SUPPLIED DATA —
·····

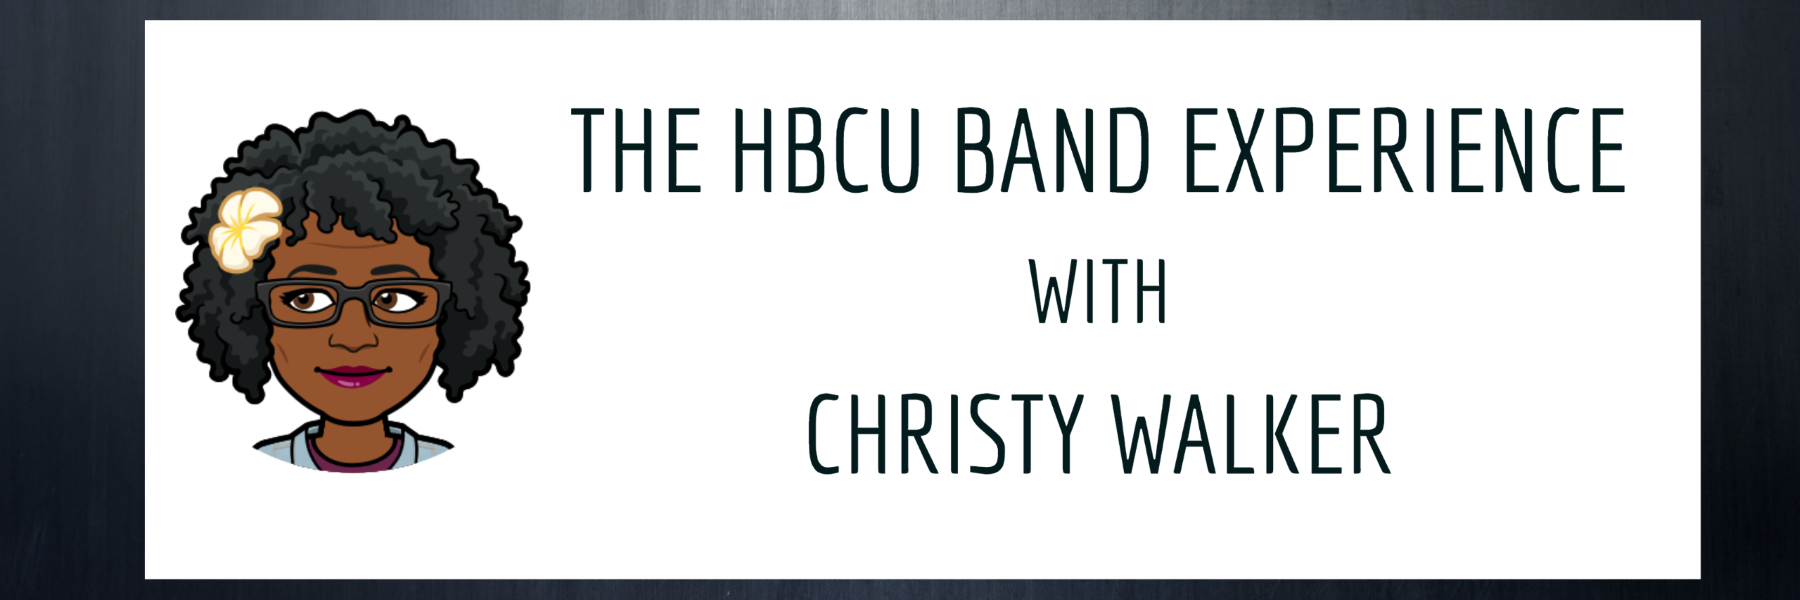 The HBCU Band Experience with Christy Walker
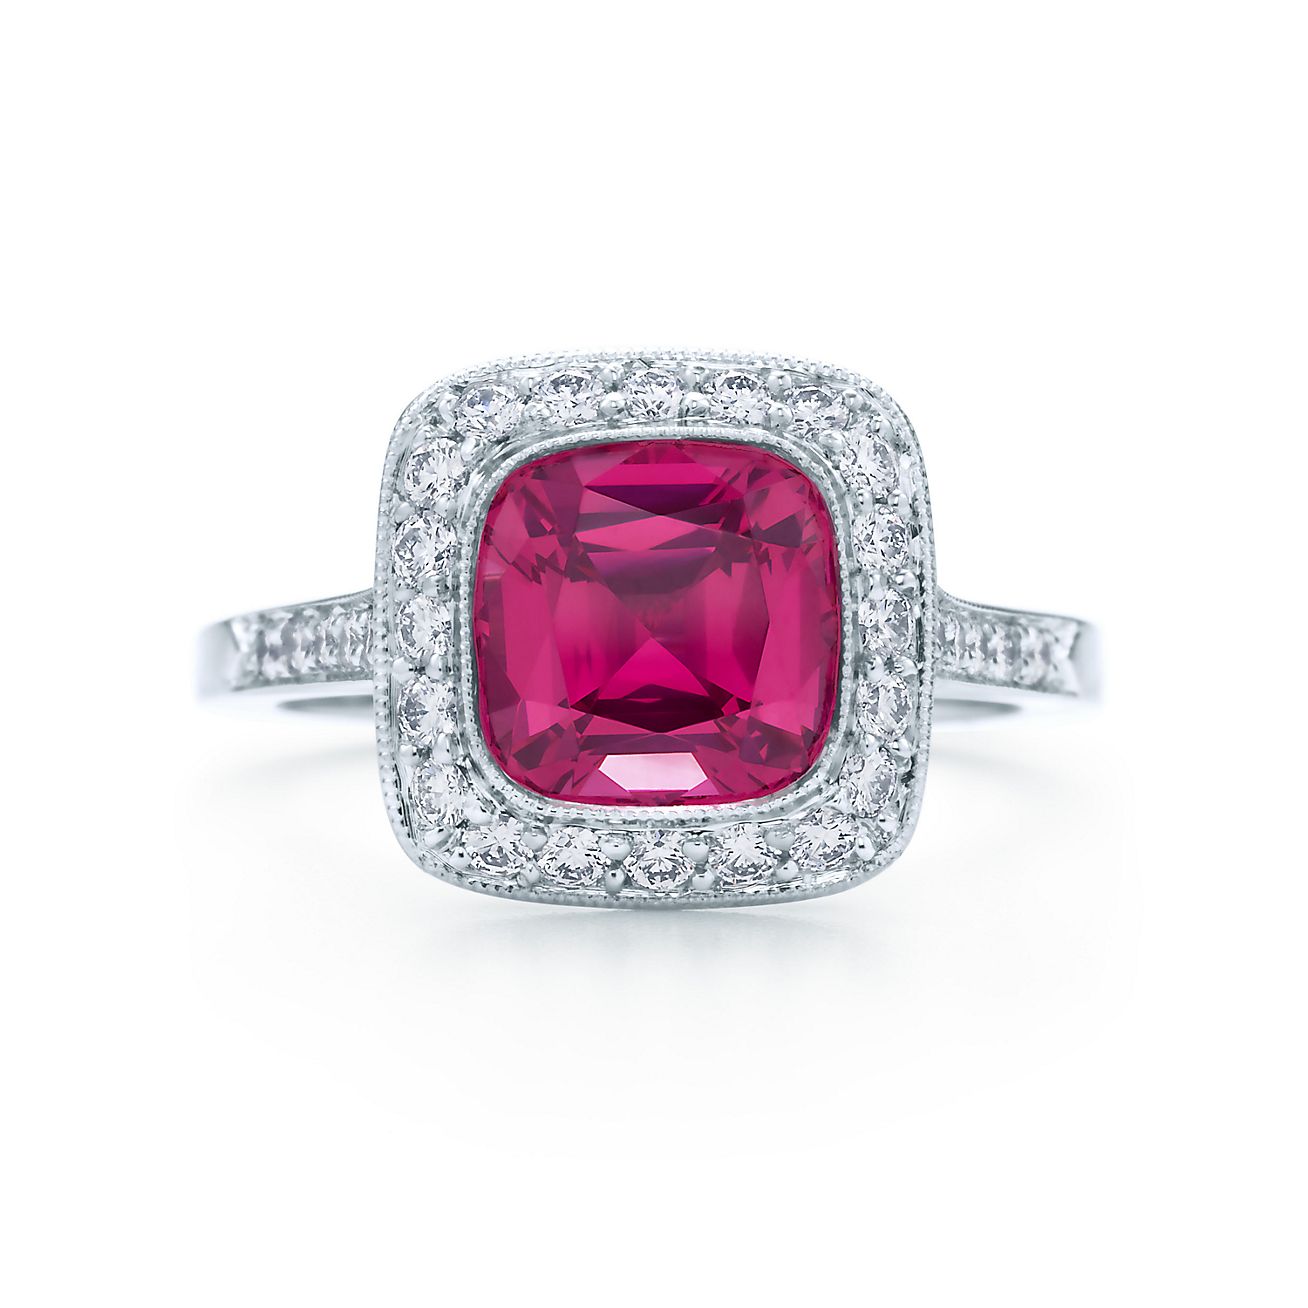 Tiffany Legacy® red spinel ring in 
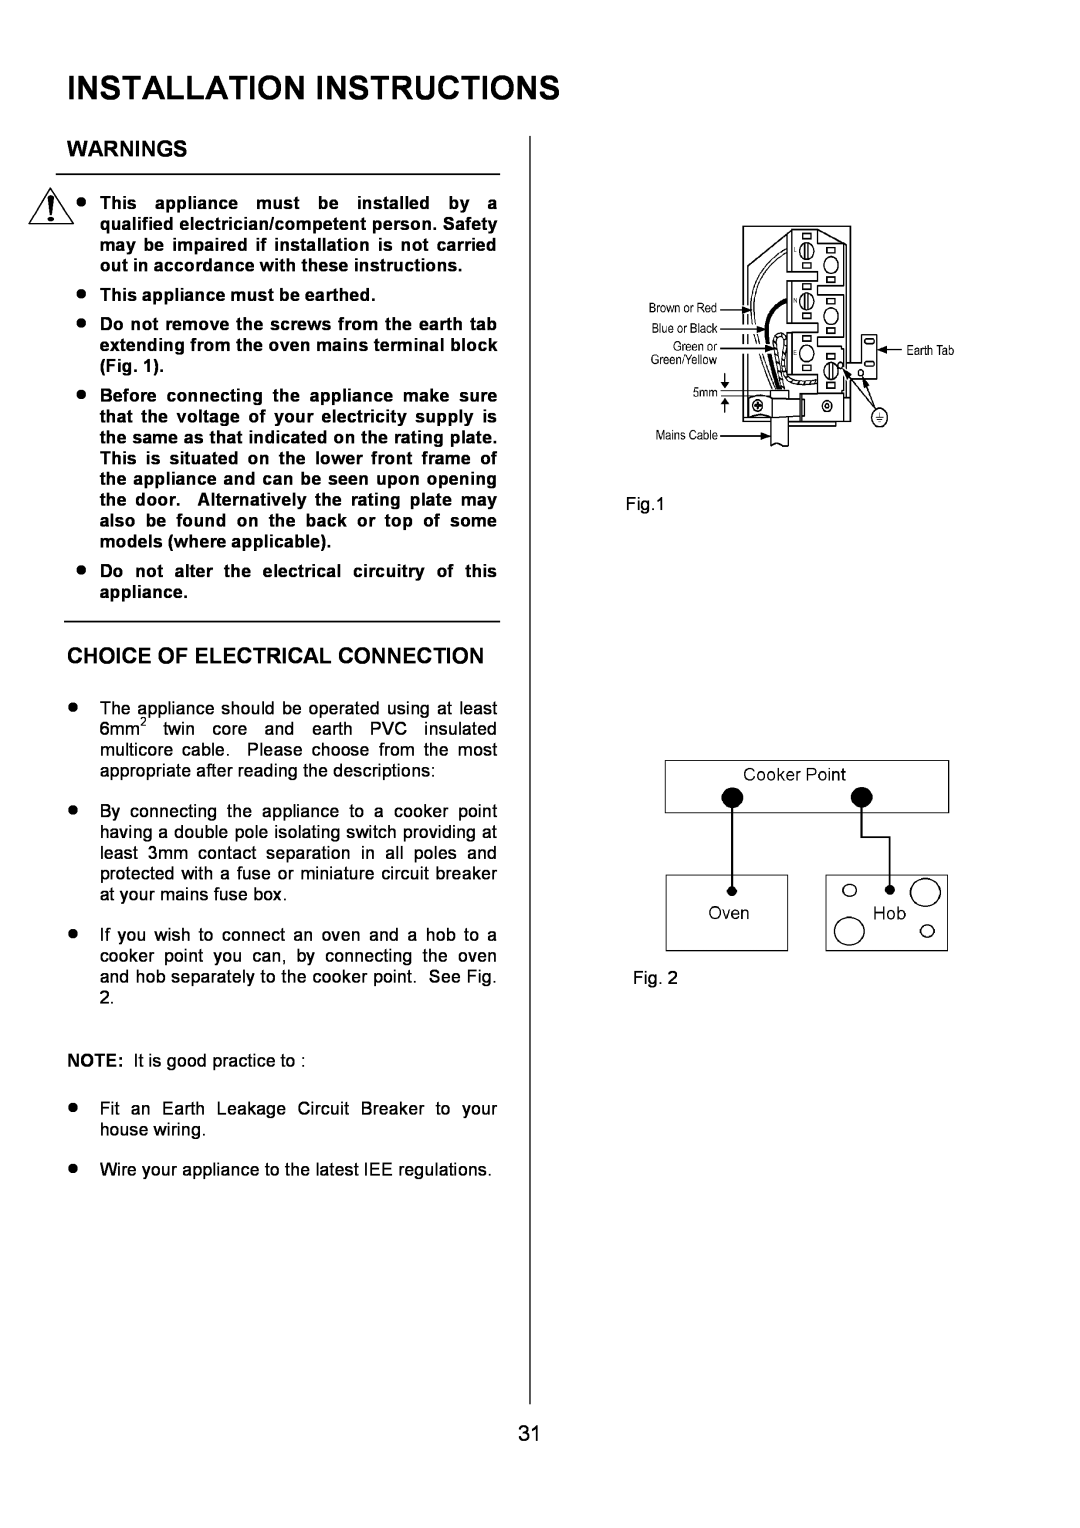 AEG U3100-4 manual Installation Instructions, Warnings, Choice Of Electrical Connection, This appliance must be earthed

·····

The material should be duplicated word for word, with no images included.

SOLUTION TO THE PROBLEM —
 The HBCU Band Experience with Christy Walker
 Tiffany Legacy® red spinel ring in 
 AEG U3100-4 manual Installation Instructions, Warnings, Choice Of Electrical Connection, This appliance must be earthed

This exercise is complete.